Furthermore, Aristide should lay a bold plan upon the table
to end the political impasse -- a proposal that the
opposition parties cannot refuse.

In the spirit of the Inter-American Democratic Charter -- a
new tool created on the heels of the Sept. 11 attacks --
Aristide needs to work with the OAS to allow an independent
investigation into allegations of violence and corruption,
mediate a truce between the government and the opposition
and strengthen government institutions to allow democracy
to flourish.

To borrow the words of Haiti's ambassador to the OAS,
Aristide's government needs to build bridges rather than
walls.

But that is just the start. Ending the current political
stalemate and resolving questions surrounding the recent
attempted coup alone will not create a viable democracy in
Haiti. In the long-term, Haiti can succeed if -- and only
if -- the government takes responsibility for the situation
and resolves to end violence, eliminate corruption, create
free markets, allow for the privatization of industries,
improve the judicial system, respect human rights and
develop a sustainable system of agriculture.

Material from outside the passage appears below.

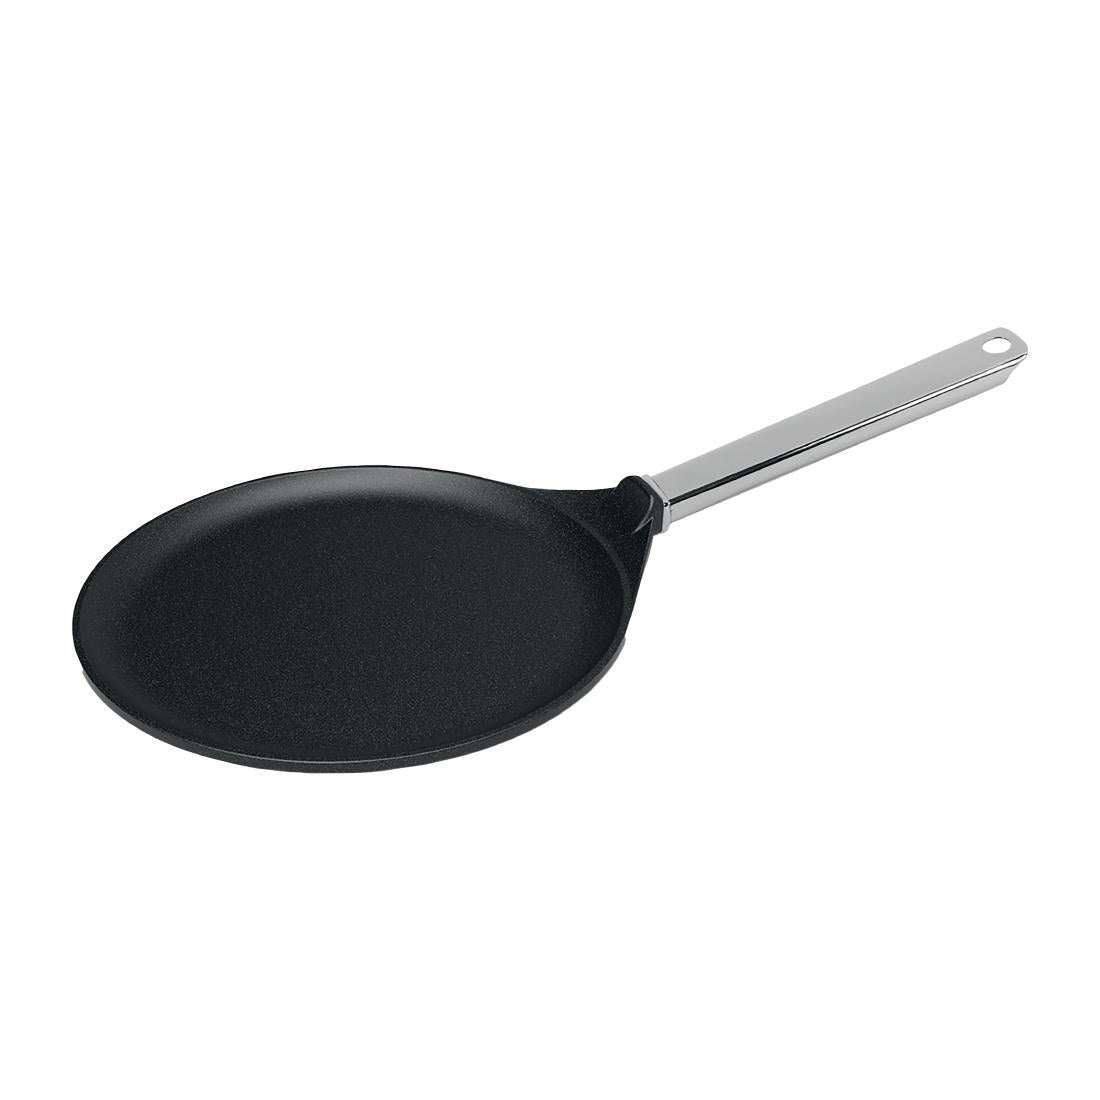 CH098 AMT Gastroguss Crepe Pan 280mm JD Catering Equipment Solutions Ltd

In the meantime, the United States also must take
responsibility by continuing and sizeably increasing our
humanitarian efforts in Haiti. We have a moral obligation
to stay committed to the people -- irrespective of what the
Haitian government does or does not do.

Already, we have cut too much of the aid that goes to the
non-governmental organizations dedicated to feeding
starving Haitian children; teaching the men and women
better, more-effective methods of farming; and instituting
much-needed health care programs. Last year, we provided
$77 million in humanitarian aid. This year, that figure has
dropped to $55 million. This is simply not acceptable.

We are at a crossroads. Aristide and the political rulers
have a simple choice -- break with history and create a
stable political system and a free, democratic market
economy; or perpetuate the needless, bloody tragedy that
confines future generations of Haitians to lives of
disillusionment and despair.

The choice is theirs -- the consequences belong to us all.

Mike DeWine, a Republican, is a U.S. senator from Ohio.